La parole qui émane de l’expérience mystique

Nous trouvons donc la parole au cœur de la pastorale des vocations, une parole non répétitive mais qui s’enracine dans une expérience mystique, car le temps est désormais venu où le religieux est mystique, c’est-à-dire qu’il a expérimenté quelque Religiosos del manana 2 shutterstock 2252504647 frchose, Quelqu’un, ou bien il est religieusement insignifiant.

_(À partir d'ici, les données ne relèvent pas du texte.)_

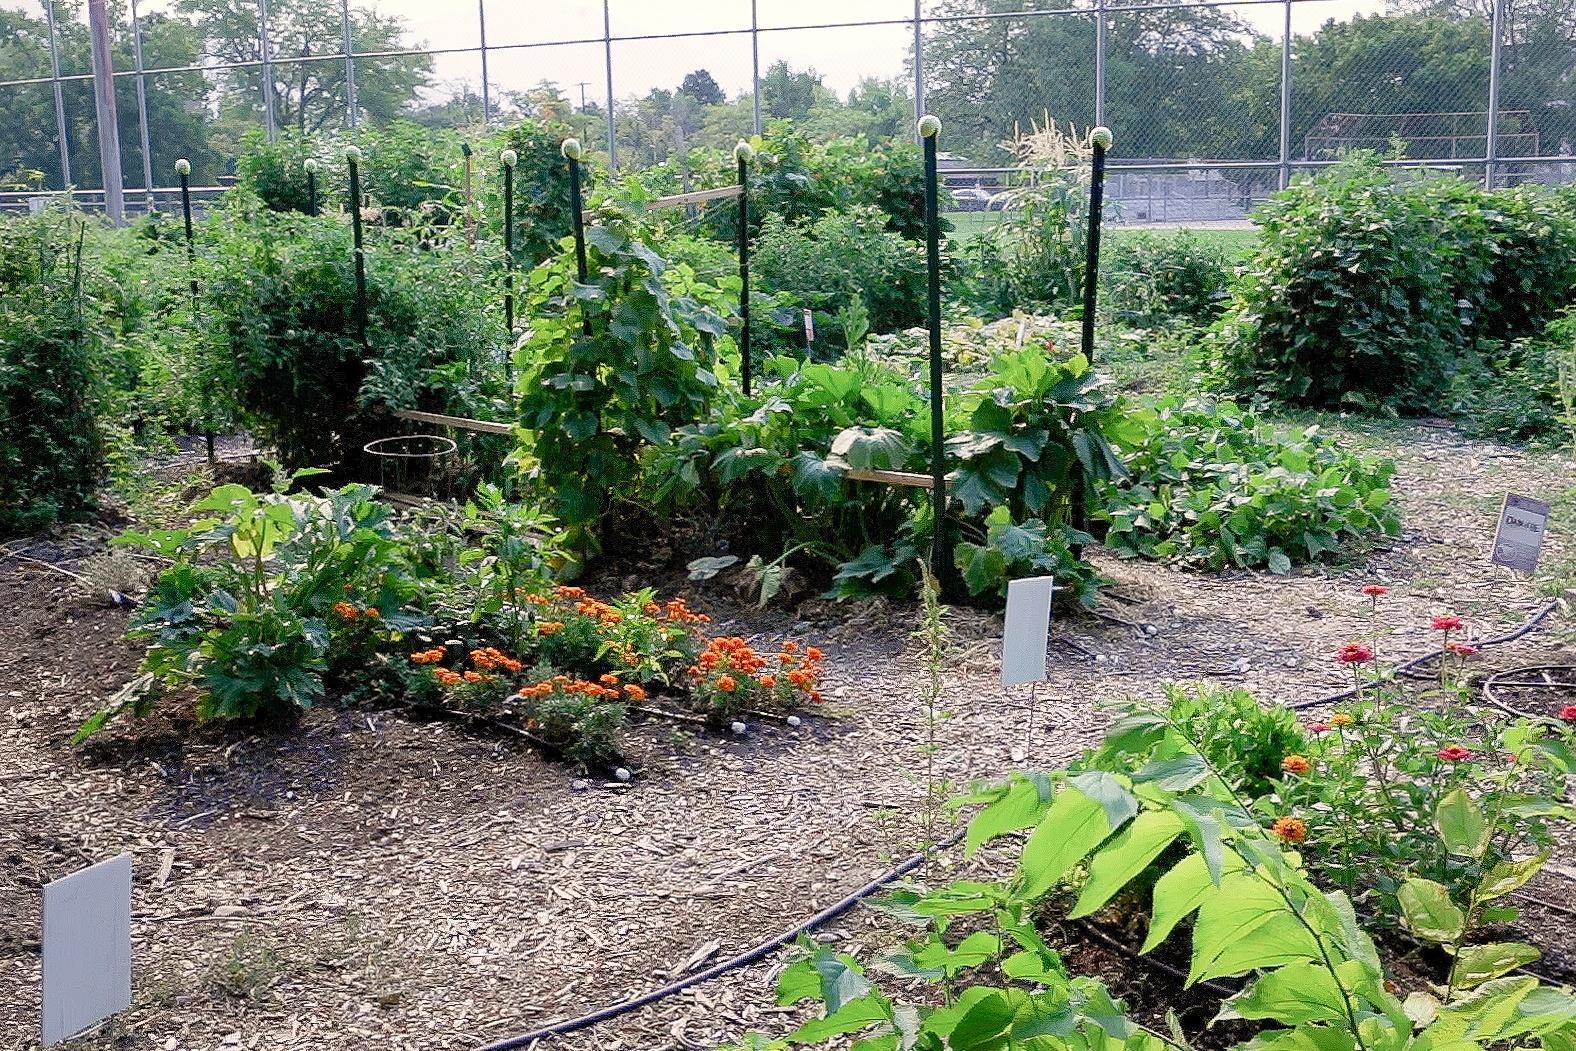 New Roots' Harmony Garden

Il faut toutefois souligner ici avec urgence qu’il est nécessaire de restaurer la signification authentique de la mystique chrétienne ; aujourd’hui, en effet, le mot mystique subit une excessive inflation, au point de désigner toute expérience – réelle ou supposée – d’union directe avec Dieu.

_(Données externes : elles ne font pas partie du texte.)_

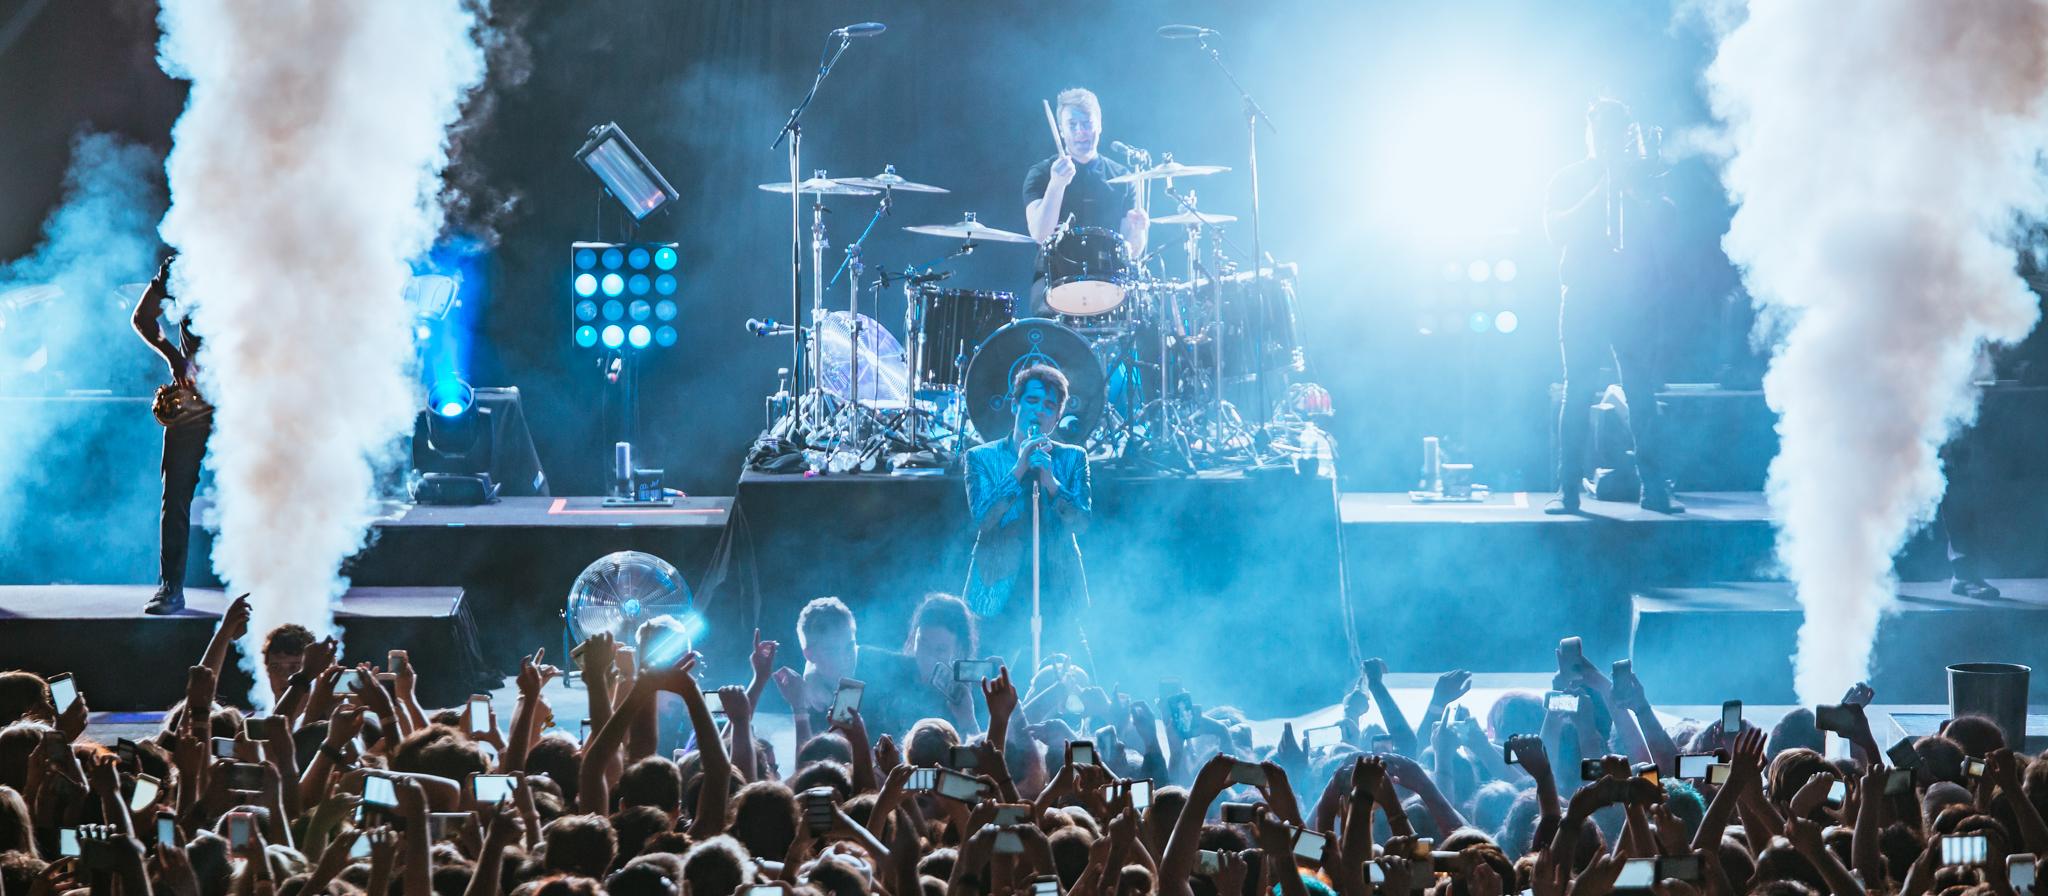 Mitch Lowe Photo - Panic At The Disco - Riverstage-59.jpg

Celle-ci, jusque dans ses états les plus élevés, n’est rien d’autre que la pleine floraison de la grâce du baptême[1], préparée par une méditation dans la foi vive de l’Écriture Sainte, nourrie par la pratique sacramentelle, et développée par toute une vie livrée aux exigences de la charité divine répandue dans nos cœurs par l’Esprit. En un mot, de même que le mystère chrétien, d’après saint Paul, n’est rien d’autre que le “Christ en nous, espérance de la gloire”, la mystique authentique est simplement l’expérience chrétienne que le même apôtre décrit en disant : “Je vis, mais ce n’est plus moi, c’est le Christ qui vit en moi”[2].

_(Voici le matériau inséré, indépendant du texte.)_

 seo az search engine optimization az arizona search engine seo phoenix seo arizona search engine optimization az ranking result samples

Anselme Stolz eut le grand mérite de replacer la mystique chrétienne à l’intérieur d’une vision historico-sacramentelle[3].

Pour Stolz, la mystique consiste à saisir, au niveau de l’expérience, la présence de Dieu et son action dans l’âme. Les phénomènes extraordinaires comme les révélations, les visions, les locutions ou les stigmates ne sont pas essentiels à la mystique. Stolz propose d’interpréter la mystique en partant de l’anthropologie théologique, de la Rédemption et du mystère de l’Église[4].

La théologie mystique de Stolz est caractérisée par l’importance qu’il accorde à l’antique spiritualité patristique, offrant une vision trinitaire qui reprend la conception de la théologie pré-augustinienne, en unité avec l’ascèse[5], la liturgie, la vie spirituelle et la dogmatique.

Il développe et approfondit la ligne thomiste déjà mise en avant par Garrigou-Lagrange[6], conférant à la méthode scolastique tout un souffle patristique.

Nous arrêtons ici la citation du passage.